#### [Aim of the exercise]
Each line below from the line with "John Adams: Nip" to the line with "2-person Desk Cluster, comprising" must be copied exactly, including those two, and no picture may appear in the copy.

===== Record excerpts

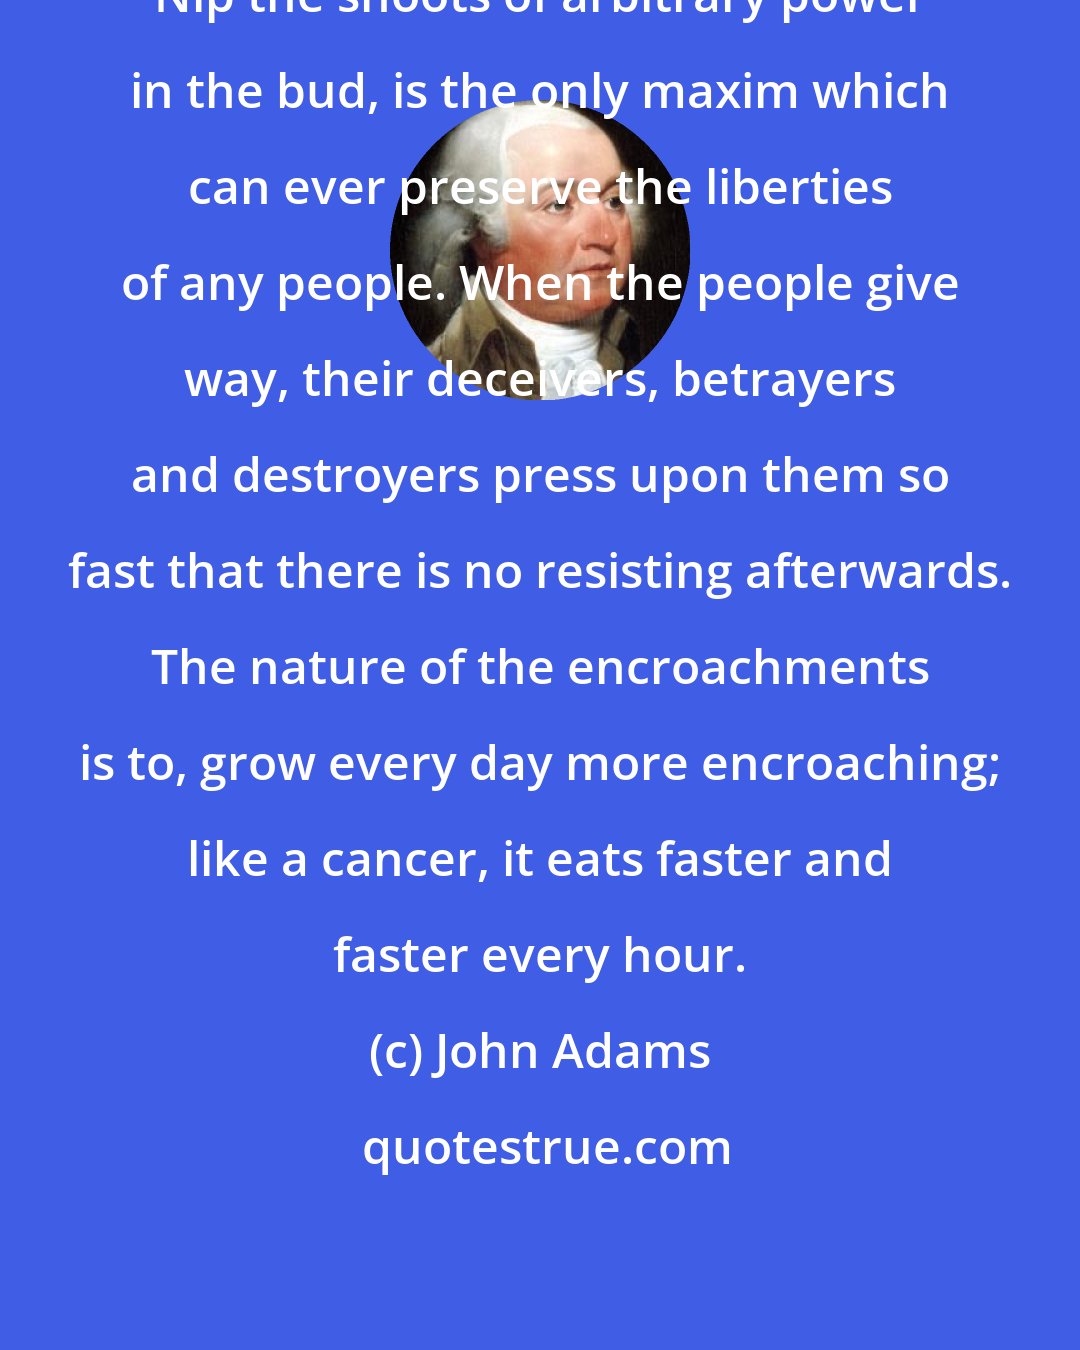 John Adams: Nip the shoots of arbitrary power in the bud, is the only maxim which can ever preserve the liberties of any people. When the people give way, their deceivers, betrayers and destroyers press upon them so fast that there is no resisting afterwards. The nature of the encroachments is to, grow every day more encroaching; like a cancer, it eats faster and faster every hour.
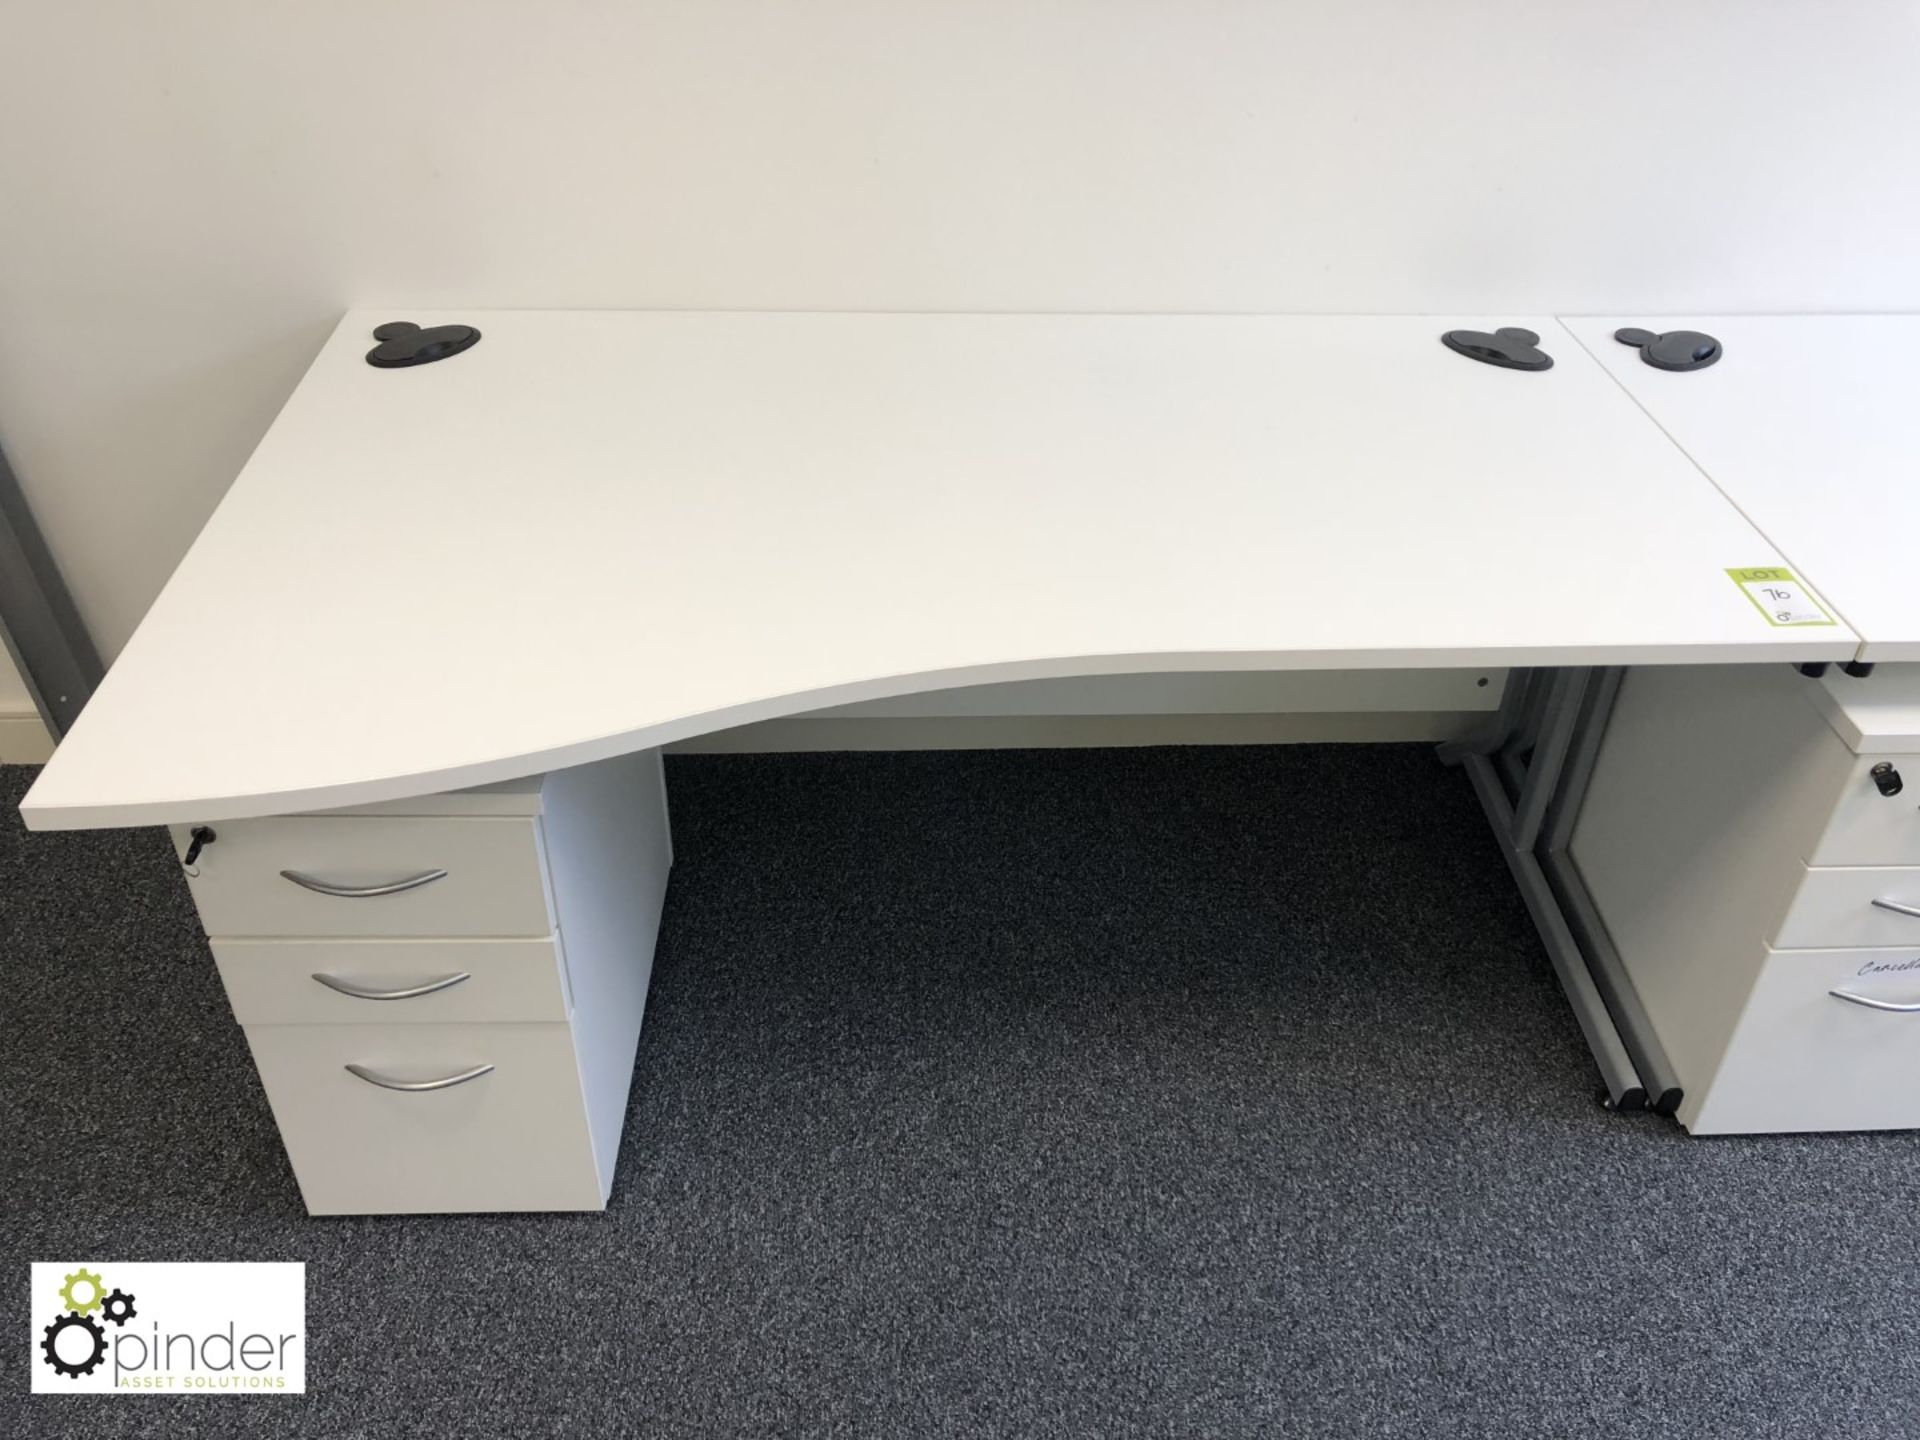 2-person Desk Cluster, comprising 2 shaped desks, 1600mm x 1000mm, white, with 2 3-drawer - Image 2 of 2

==========
===== Record excerpts

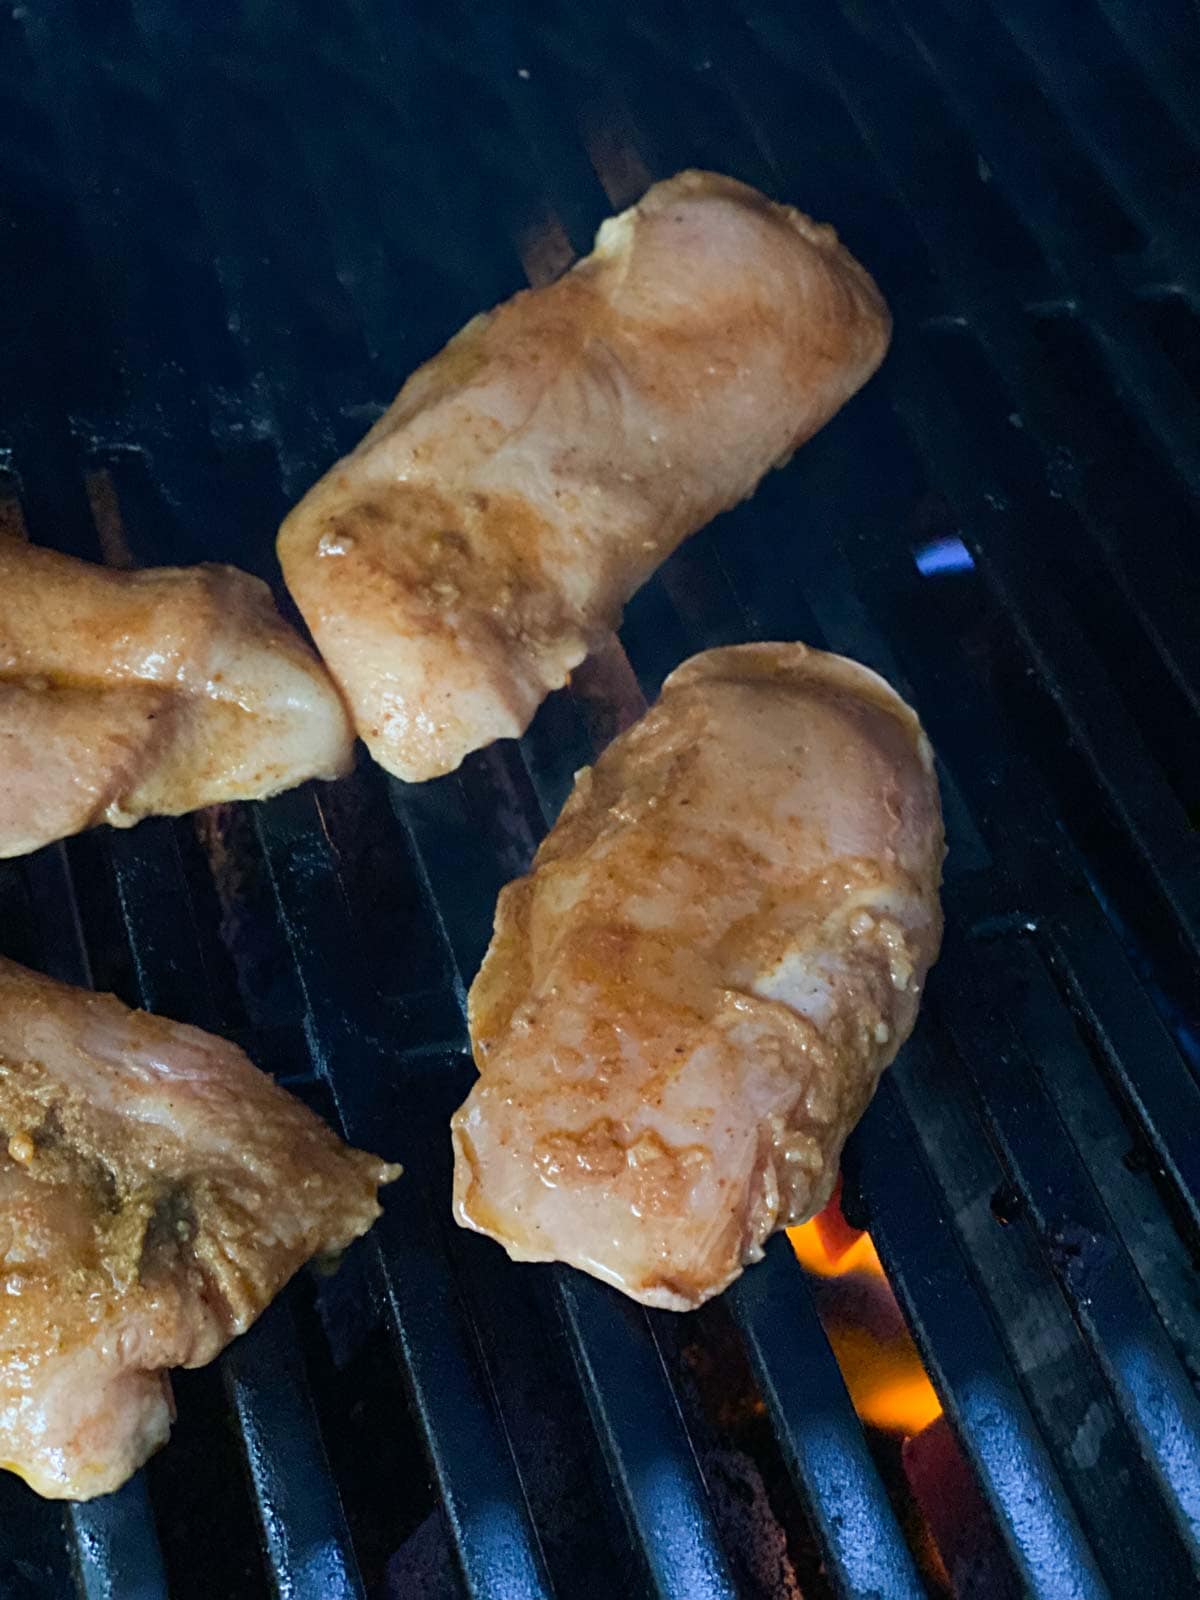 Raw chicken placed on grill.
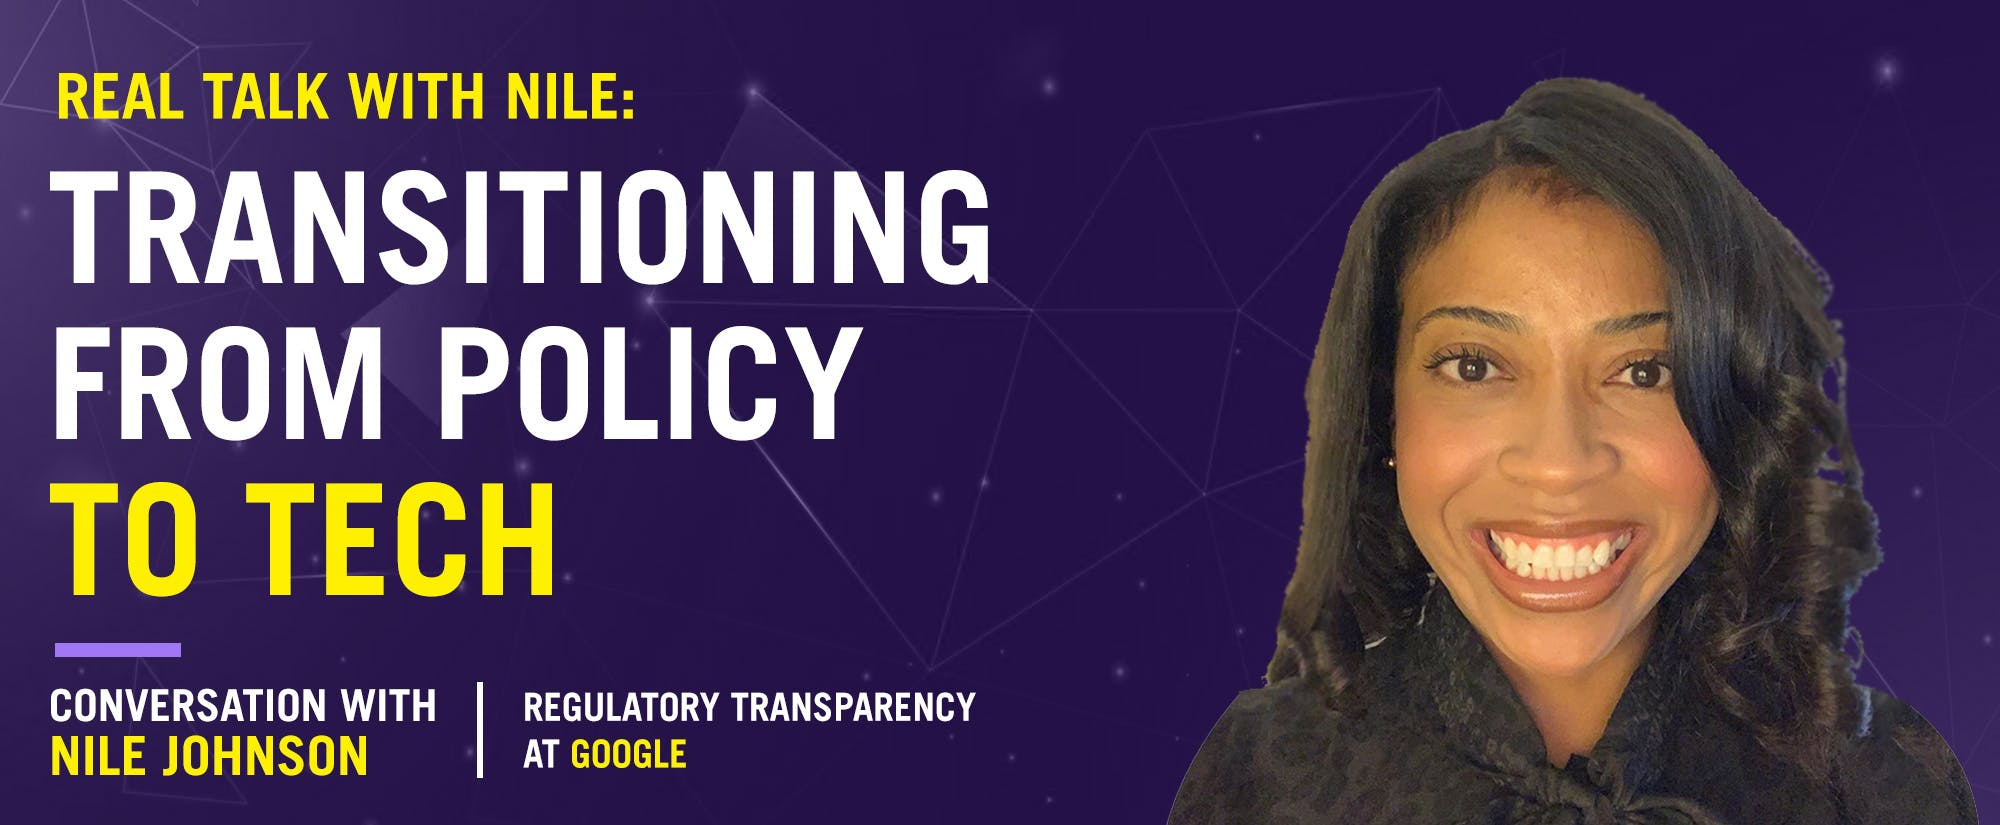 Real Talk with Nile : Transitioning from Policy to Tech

==========

#### [Solution for this task]
 John Adams: Nip the shoots of arbitrary power in the bud, is the only maxim which can ever preserve the liberties of any people. When the people give way, their deceivers, betrayers and destroyers press upon them so fast that there is no resisting afterwards. The nature of the encroachments is to, grow every day more encroaching; like a cancer, it eats faster and faster every hour.
 2-person Desk Cluster, comprising 2 shaped desks, 1600mm x 1000mm, white, with 2 3-drawer - Image 2 of 2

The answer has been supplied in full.